A sub-watershed in the first dataset (red boundary in Fig. 8a) is extracted out for a more careful comparison. Figure 9 shows results of the flow routing algorithm and the new algorithm. Figure 9d shows drainage segments are identified at every contour bends. The numbers of drainage segments at all Strahler orders are listed in Table 3. The corresponding bifurcation ratios are computed. It is apparent that the accumulation threshold values have large influence to this indicator in the flow routing algorithm. The ratio based on the new algorithm is stable to the changes of the threshold values.

Fig. 9
figure 9

The extracted drainage networks from ordinary algorithm and the new one. Red, Pixels in blue, yellow, green and pink are in 1st, 2nd, 3rd and 4th orders. Solid black curves are contour lines. a Drainage network at T=50. b Drainage network at T=100. c Drainage network of new algorithm. d Overlay of drainage with contour lines

Table 3 Result of drainage networks of a sub-watershed

5 Conclusion and Discussion

This chapter reviews the existing algorithms of drainage network extraction and finds that there are no eligible algorithms, which can produce complete and reasonable drainage networks from gridded DEMs. Based on analysis of inherent rationale of available research, we proposed and implemented a new method that integrates flow routing algorithm and revised local morphometric algorithm. A rule-based cleaning process is designed to evaluate and eliminate problematic and noise segments. Two example datasets of different terrain types were used to test the proposed method. The quantitative analysis of extracted drainage networks shows that results by this new algorithm are insensitive to threshold values and stable in hierarchical structures.

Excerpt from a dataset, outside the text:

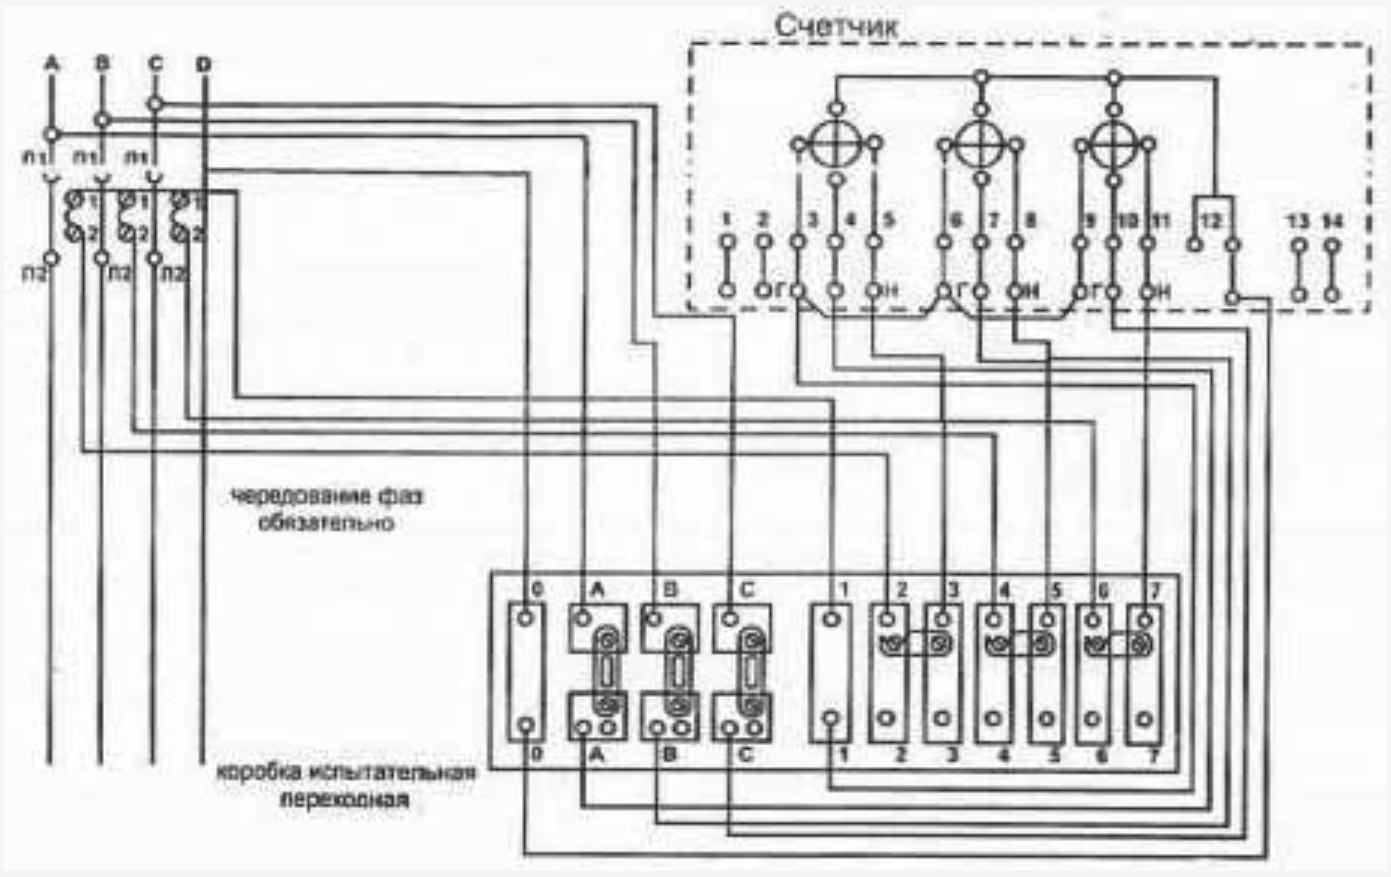 Фото подключения 3х фазного счетчика меркурий через трансформаторы тока 2

Further possible development based our work can be on different aspects. Multiple-flow-directions algorithms are more appropriate to simulate water diverging models in microtopography, especially as high resolution DEMs are more and more available from wide applications of LiDAR and low altitude aerial stereo images. Also in this scenario, as natural sinks or depressions are widespread, adaptable pit removal algorithm should be implemented by integration of filling and carving based on identifying objects that break flow routing over terrain surface. In low and flat downstream areas, there are many efforts to design reasonable treatment algorithms to generate flow routing. An alternative and more appropriate way is to use hydrological features and water bodies from large scale topographic maps and geospatial databases as an a priori knowledge, which are then incorporated to reduce problematic segments during or subsequent to drainage networks extraction process. At the same time, a geospatial database can be enriched by incorporating the extracted drainage information (flow direction, flow accumulation and watershed subdivision). Another work is to design an appropriate generalization method to simplify the very dense drainage networks of the new algorithm for various applications.